**Supplied data**
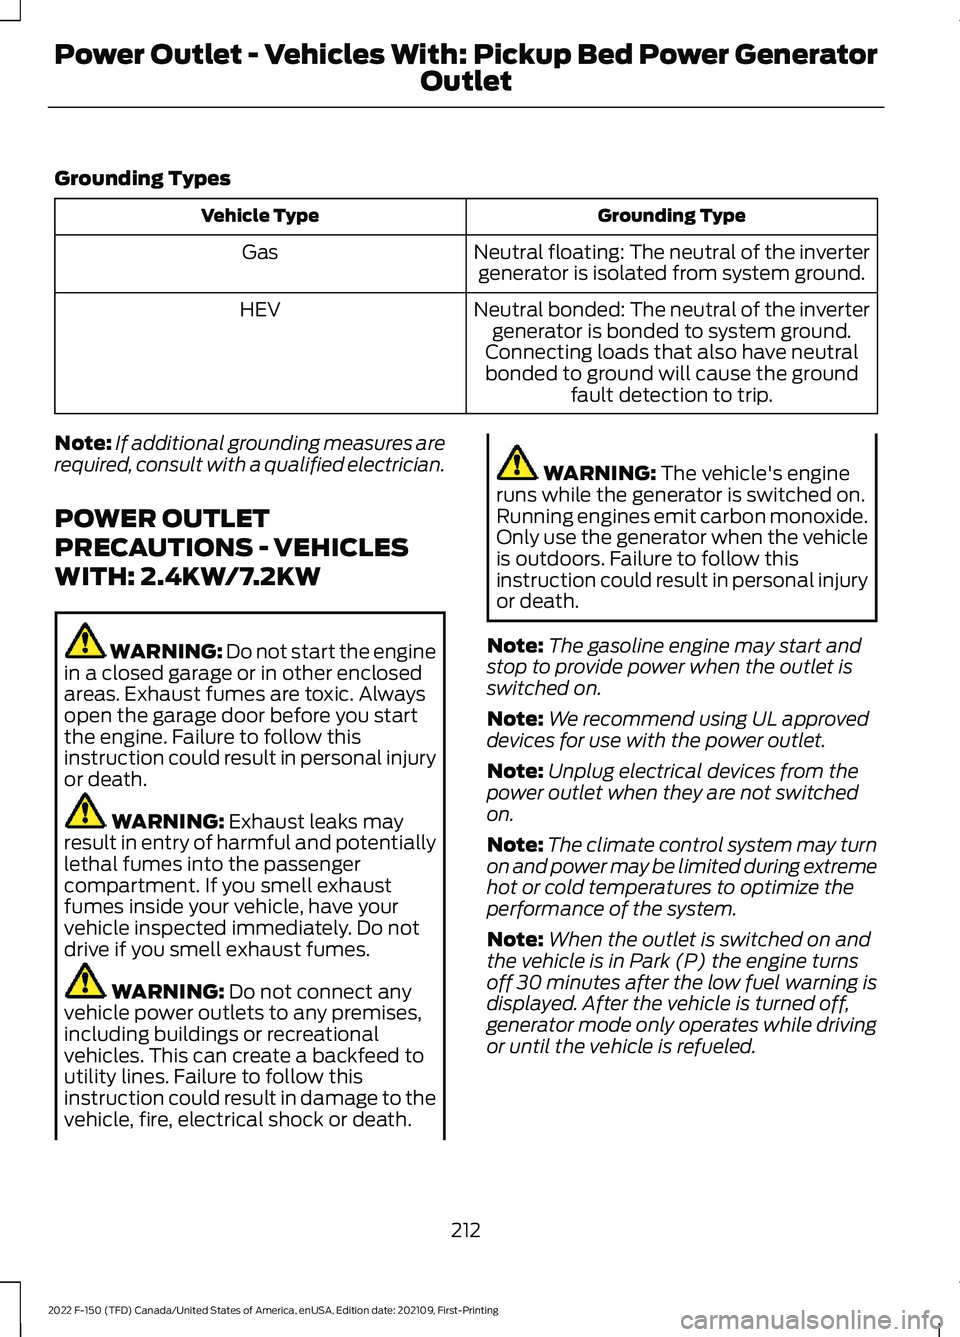 FORD F-150 2022  Owners Manual Grounding Types
Grounding Type
Vehicle Type
Neutral floating: The neutral of the invertergenerator is isolated from system ground.
Gas
Neutral bonded: The neutral of the invertergenerator is bonded to
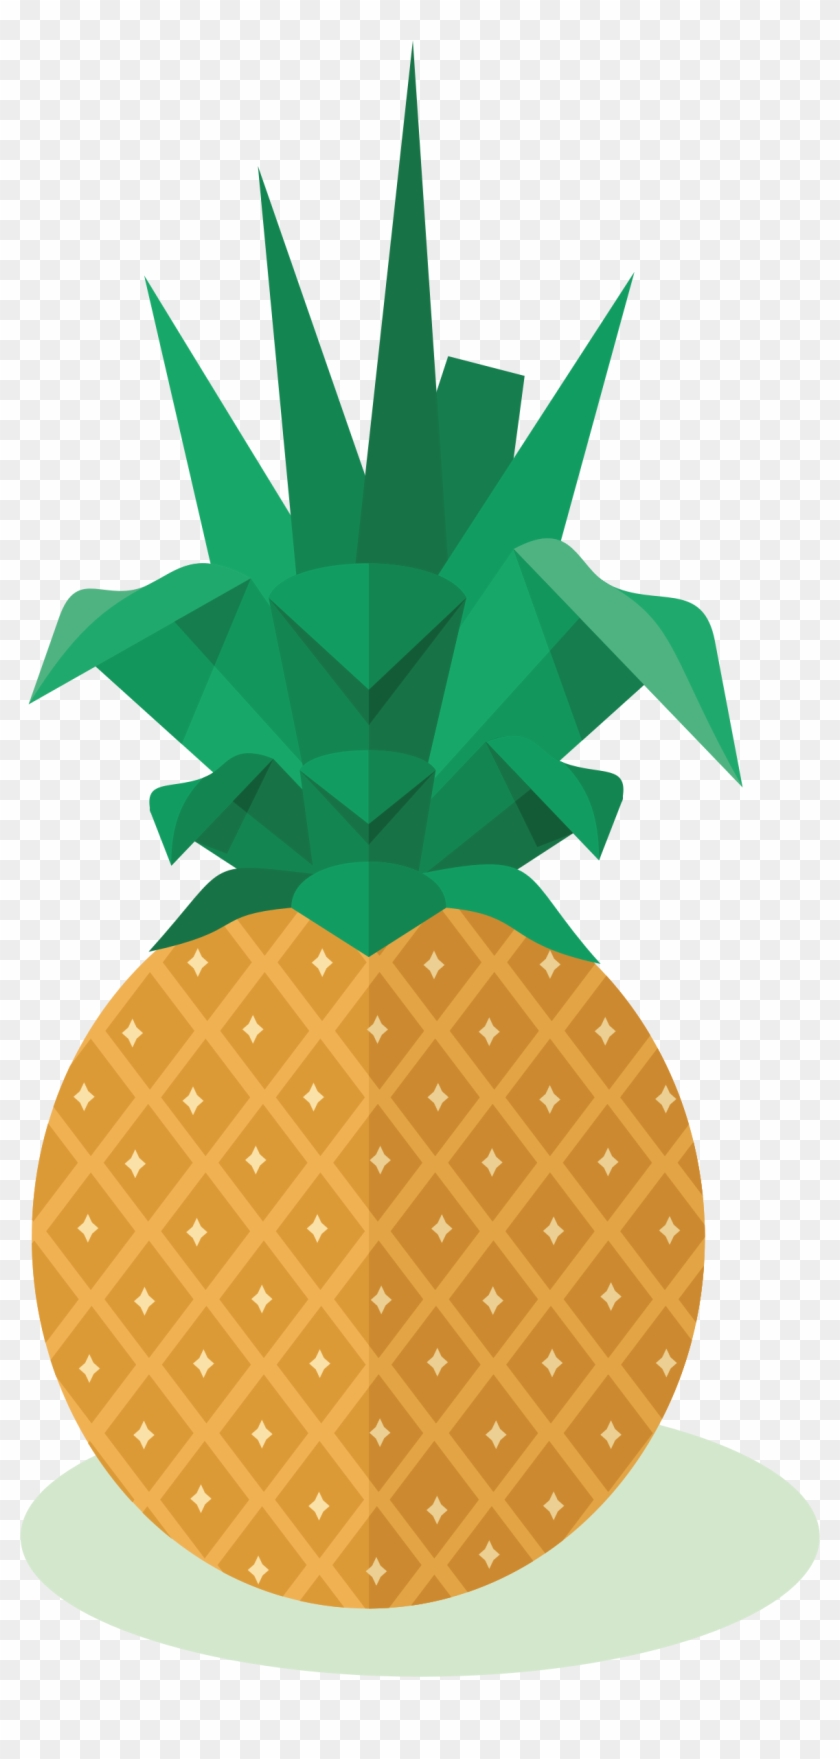 Fecial Clipart Pineapple 1 Pineapple Fruit Clipart - Cartoon Pineapple Draw - Png Download #641817

**Work instructions**
Leaving out the pictures, print exactly and only the lines from the one containing "Neutral bonded: The" through the last line of the records.

**Result of this exercise**
Neutral bonded: The neutral of the invertergenerator is bonded to
 Fecial Clipart Pineapple 1 Pineapple Fruit Clipart - Cartoon Pineapple Draw - Png Download #641817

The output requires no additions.